Filtres et inférences (17/04/2021)
Les filtres et les inférences se glissent entre le monde et nous, mais ils se glissent aussi entre nous et nous. C'est pourquoi se remettre en question, changer sa vie, est une entreprise qui peut tourner au dédale dont on ne parvient pas à s'échapper. Il est essentiel de prendre conscience de nos processus mentaux afin de saisir la relativité de ce que nous prenons pour la réalité, afin d'accepter que quelque chose d'autre est possible. C'est l'objet de la note ci-dessous extraite des nombreux documents de travail remis aux personnes qui s'engagent dans notre parcours Cap au Large. Cette prise de conscience, indispensable, ne suffit cependant pas, car l'aboutissement du processus d'inférence est la croyance. C'est pourquoi nous prolongeons la prise de conscience de nos mécanismes mentaux d'une combinaison d'outils, d'échanges et d'expériences qui lui permettront de devenir féconde.
Le jeu des romans policiers consiste à nous fourvoyer jusqu’au dénouement de l’intrigue. Dans Mystic River (1), une majorité de personnages, en se fondant sur ses observations, en vient à identifier un membre de la communauté comme le coupable d’un assassinat. Or, ils se trompent. Heureusement, ce processus mental n’a pas toujours des conséquences aussi dramatiques, car il est universel et permanent. Chris Argyris(2) l’a analysé en quatre étapes qui forment « l’échelle d’inférence »:
- j’observe,
- je sélectionne et je simplifie,
- j’interprète,
- je construis des croyances.
Comment expliquer un tel processus ? L’intelligence a la survie pour raison d’être première. En situation de survie, il s’agit de comprendre vite pour réagir vite afin d’échapper à un prédateur ou de s’emparer d’une proie. La réalité est pleine de choses observables, mais nous ne pouvons pas tout observer. D’où la sélection sur le critère: « Qu’est-ce qui est vital ? » Comprendre, c’est ensuite donner une interprétation à ce que l’on a retenu de l’observation. Si cette interprétation s’avère pertinente, elle deviendra comme un réflexe lorsqu’une semblable configuration de signes se présentera à nouveau. Nous passerons ainsi de l’analyse d’une situation à une croyance. Une croyance, car, pour être semblable en apparence à d’autres, une nouvelle situation peut recéler quelque chose de différent. Au bout du processus, ce seront nos croyances qui sélectionneront ce que nous observerons, formant ainsi une boucle qui s’entretient elle-même. Ce qui faisait dire au philosophe Clément Rosset: « Il n’y a pas de délire d’interprétation, toute interprétation est un délire » (3).

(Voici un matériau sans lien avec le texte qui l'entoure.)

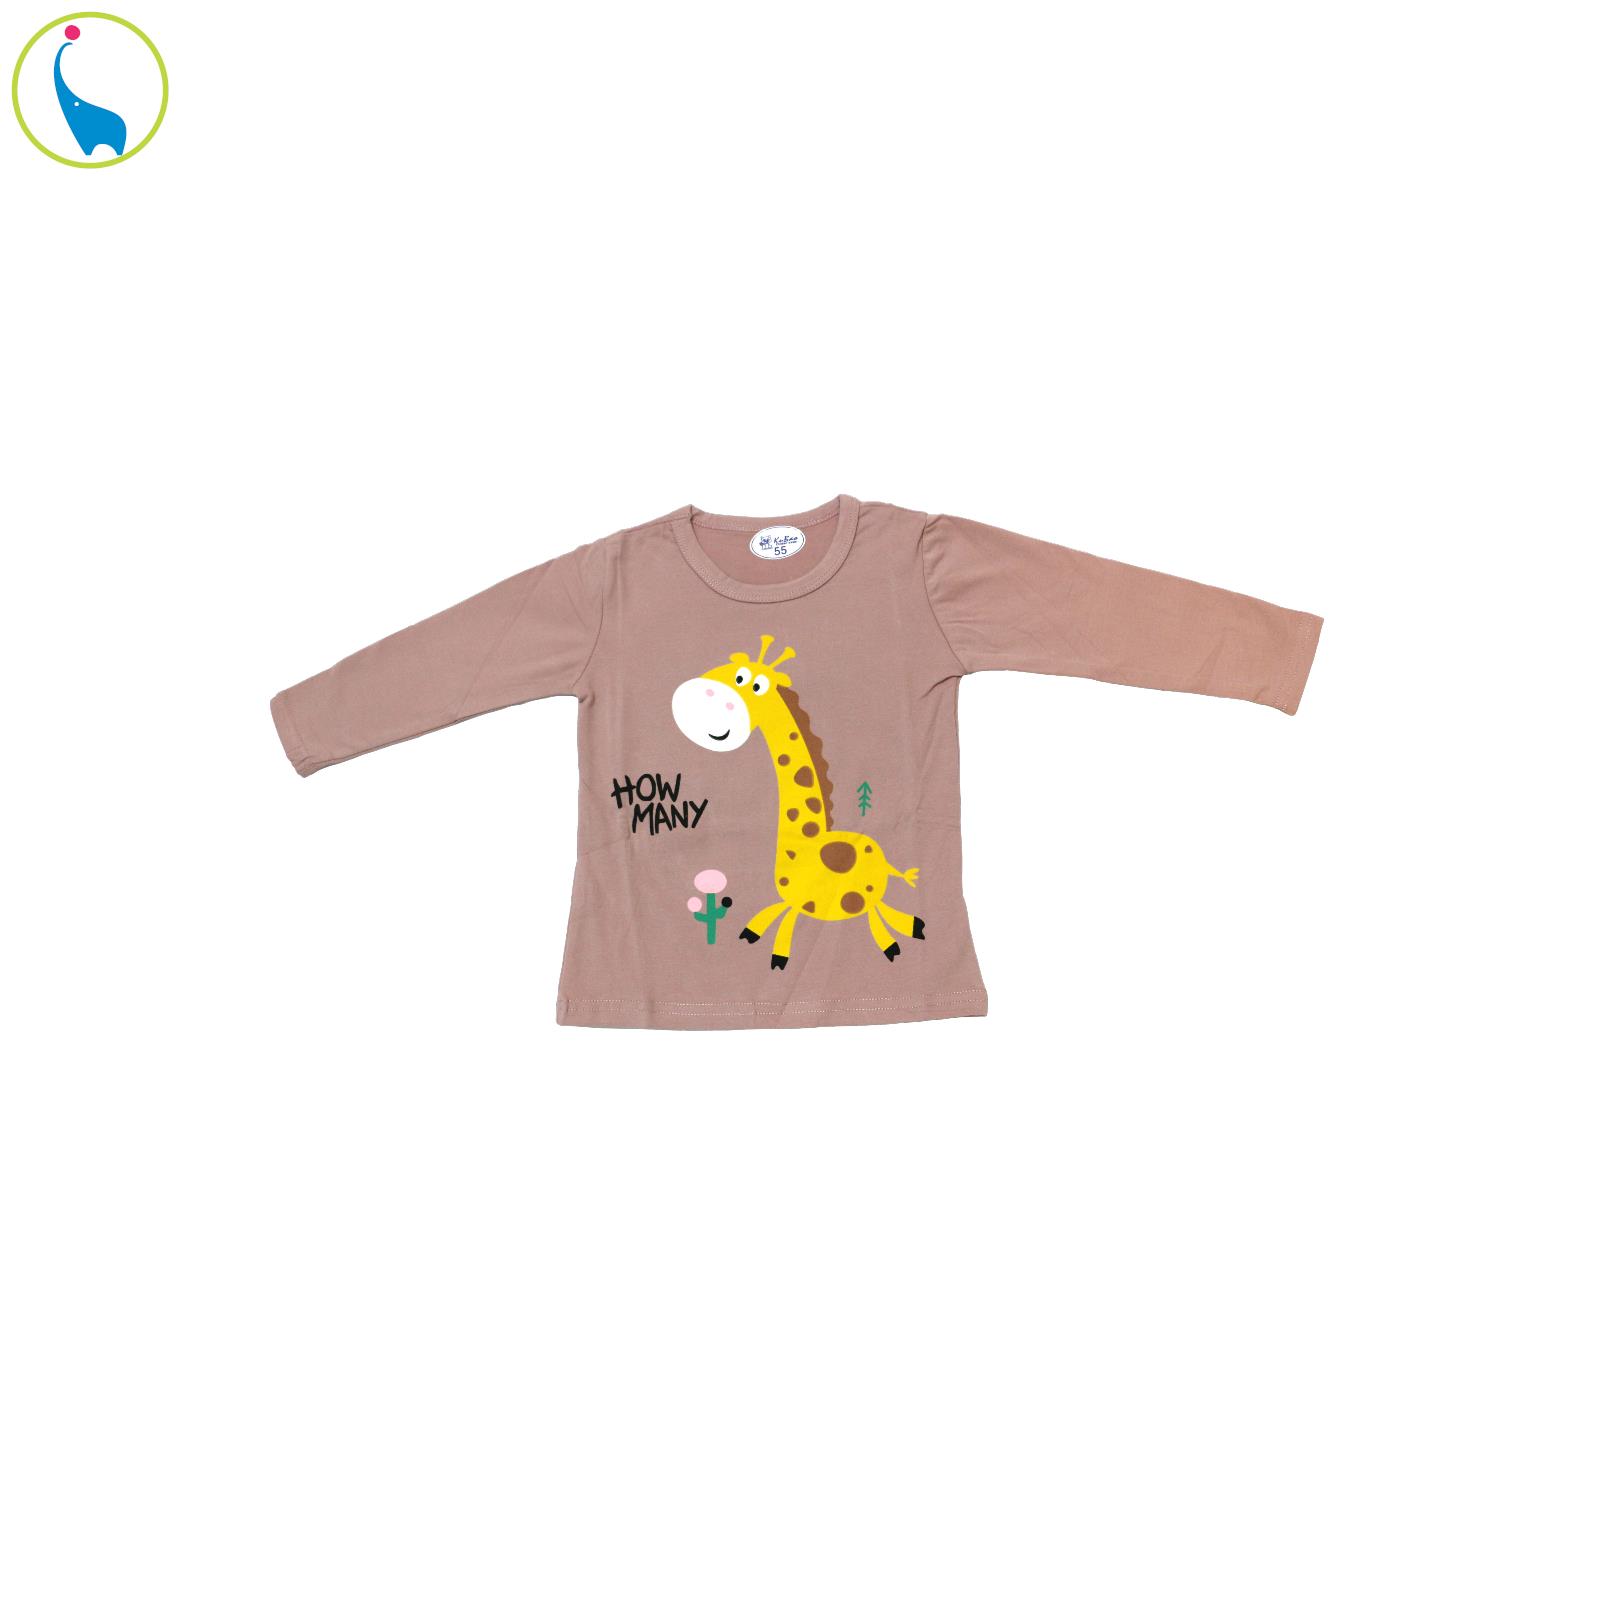 ست تی شرت و شلوار دخترانه مدل giraffe کد 1029

A l’échelle d’inférence, il convient d’ajouter les trois filtres que sont le passé, le présent et le futur. Le passé est la somme de nos expériences et de ce qui pour nous a de la valeur. Le présent constitue le contexte de l’observation, les évènements qui nous environnent, l’état dans lequel nous nous trouvons. Le futur est représenté par nos intentions, nos projets, nos désirs.
C’est en se soustrayant à l’état de survie que les hommes ont pu s’intéresser à des choses aussi peu vitales que les constellations célestes. Et si les grands stratèges sont « de grands méditatifs » (4), c’est qu’il s’agit pour eux de déjouer les pièges de l’échelle d’inférence. Mais l’atavisme et ses automatismes sont toujours là qui peuvent nous submerger à notre insu. D’où les évènements imprévus et pourtant a posteriori prévisibles baptisés « cygnes noirs » par Nassim Nicholas Taleb (5).
(1) Roman de Dennis Lehane dont Clint Eastwood a tiré un film (2003).
(2) Chris Argyris (1923-2013), théoricien américain des organisations. Cf. Chrys Argyris, Savoir pour agir, Dunod, 1993.
(3) Clément Rosset, Logique du pire, Presses universitaires de France, 2013.
(4) Charles de Gaulle, Le fil de l’épée, Berger-Levrault, 1932.
(5) Nassim Nicholas Taleb, Le cygne noir, Les Belles Lettres, 2011.